Data for this exercise:

------------------------------------------------------------

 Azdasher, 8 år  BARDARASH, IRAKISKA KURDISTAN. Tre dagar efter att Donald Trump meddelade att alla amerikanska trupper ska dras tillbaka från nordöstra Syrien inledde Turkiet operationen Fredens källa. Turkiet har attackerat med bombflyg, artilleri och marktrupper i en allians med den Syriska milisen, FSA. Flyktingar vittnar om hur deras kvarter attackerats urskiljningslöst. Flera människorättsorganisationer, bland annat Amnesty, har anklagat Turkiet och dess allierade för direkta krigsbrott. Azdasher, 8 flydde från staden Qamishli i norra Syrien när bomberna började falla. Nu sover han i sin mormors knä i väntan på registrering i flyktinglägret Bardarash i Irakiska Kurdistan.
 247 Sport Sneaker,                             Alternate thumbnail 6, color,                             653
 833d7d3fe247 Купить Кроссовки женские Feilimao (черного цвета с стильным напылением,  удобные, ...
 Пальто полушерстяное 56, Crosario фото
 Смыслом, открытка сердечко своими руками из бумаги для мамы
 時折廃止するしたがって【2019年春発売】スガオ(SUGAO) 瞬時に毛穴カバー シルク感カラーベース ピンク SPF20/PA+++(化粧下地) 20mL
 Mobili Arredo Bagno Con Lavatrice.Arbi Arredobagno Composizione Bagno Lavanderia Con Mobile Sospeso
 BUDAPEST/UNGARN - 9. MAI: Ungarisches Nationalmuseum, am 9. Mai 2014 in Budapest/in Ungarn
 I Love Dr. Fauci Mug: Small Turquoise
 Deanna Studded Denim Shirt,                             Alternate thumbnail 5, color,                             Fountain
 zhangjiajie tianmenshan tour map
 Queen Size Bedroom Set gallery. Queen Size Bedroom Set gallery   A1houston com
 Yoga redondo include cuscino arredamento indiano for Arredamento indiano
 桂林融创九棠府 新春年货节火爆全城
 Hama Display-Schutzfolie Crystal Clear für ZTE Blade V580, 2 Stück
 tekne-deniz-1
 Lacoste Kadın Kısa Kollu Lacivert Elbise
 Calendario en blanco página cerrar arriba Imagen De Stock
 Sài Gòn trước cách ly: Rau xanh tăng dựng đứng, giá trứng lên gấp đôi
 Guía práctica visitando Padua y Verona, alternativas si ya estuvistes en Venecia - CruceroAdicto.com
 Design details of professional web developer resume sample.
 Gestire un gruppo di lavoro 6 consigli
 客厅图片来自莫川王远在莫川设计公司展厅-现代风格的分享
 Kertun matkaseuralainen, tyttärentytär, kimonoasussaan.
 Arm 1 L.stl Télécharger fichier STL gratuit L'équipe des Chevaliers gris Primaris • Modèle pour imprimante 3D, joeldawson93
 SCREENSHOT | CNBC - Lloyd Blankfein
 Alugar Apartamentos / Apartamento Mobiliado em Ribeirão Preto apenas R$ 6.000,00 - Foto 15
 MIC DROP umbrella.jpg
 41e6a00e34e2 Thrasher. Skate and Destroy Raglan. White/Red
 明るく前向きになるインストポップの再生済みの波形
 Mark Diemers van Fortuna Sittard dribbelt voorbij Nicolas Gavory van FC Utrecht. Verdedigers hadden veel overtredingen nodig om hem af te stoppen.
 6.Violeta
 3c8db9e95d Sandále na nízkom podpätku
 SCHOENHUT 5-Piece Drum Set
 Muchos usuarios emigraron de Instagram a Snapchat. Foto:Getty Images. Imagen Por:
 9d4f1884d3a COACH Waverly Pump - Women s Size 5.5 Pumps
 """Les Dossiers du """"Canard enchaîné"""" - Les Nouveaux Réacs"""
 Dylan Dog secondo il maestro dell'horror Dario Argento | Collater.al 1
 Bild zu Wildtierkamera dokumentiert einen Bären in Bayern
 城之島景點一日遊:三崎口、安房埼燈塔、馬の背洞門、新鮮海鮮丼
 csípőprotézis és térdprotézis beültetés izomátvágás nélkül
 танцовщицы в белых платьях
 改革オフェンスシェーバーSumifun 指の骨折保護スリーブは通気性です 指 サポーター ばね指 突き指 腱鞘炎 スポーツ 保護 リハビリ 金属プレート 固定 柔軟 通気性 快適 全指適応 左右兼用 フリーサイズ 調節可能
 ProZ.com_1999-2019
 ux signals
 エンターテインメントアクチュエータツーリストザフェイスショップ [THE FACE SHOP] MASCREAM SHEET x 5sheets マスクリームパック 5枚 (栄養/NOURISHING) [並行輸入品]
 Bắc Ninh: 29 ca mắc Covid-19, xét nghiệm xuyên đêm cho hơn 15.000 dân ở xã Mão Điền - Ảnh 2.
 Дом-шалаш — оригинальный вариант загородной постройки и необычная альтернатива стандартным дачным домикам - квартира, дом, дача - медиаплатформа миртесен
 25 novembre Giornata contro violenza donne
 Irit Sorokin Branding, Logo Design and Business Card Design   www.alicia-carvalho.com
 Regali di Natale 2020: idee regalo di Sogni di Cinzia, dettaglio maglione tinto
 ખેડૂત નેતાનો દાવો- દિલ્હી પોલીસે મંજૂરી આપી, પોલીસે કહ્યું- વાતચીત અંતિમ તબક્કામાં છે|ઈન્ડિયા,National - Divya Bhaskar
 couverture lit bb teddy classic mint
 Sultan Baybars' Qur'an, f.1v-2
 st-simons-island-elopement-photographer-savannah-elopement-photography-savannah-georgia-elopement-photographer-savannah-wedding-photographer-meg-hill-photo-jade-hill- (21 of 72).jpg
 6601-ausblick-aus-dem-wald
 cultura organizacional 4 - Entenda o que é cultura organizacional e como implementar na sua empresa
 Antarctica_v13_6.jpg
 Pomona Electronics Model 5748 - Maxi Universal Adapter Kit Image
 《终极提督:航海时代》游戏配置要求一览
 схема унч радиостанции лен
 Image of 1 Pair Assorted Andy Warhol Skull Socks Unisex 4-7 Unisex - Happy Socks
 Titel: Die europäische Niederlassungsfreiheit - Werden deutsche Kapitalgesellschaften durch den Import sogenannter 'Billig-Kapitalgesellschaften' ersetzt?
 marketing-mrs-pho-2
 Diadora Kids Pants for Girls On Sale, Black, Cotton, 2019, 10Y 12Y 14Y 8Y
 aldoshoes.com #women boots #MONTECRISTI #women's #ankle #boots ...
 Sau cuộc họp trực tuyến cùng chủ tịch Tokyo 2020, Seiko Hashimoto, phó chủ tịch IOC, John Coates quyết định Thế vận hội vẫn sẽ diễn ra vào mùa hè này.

------------------------------------------------------------

Exercise:
Take every line above that includes "Alternate" and list it.

Solution for this task:
 247 Sport Sneaker,                             Alternate thumbnail 6, color,                             653
 Deanna Studded Denim Shirt,                             Alternate thumbnail 5, color,                             Fountain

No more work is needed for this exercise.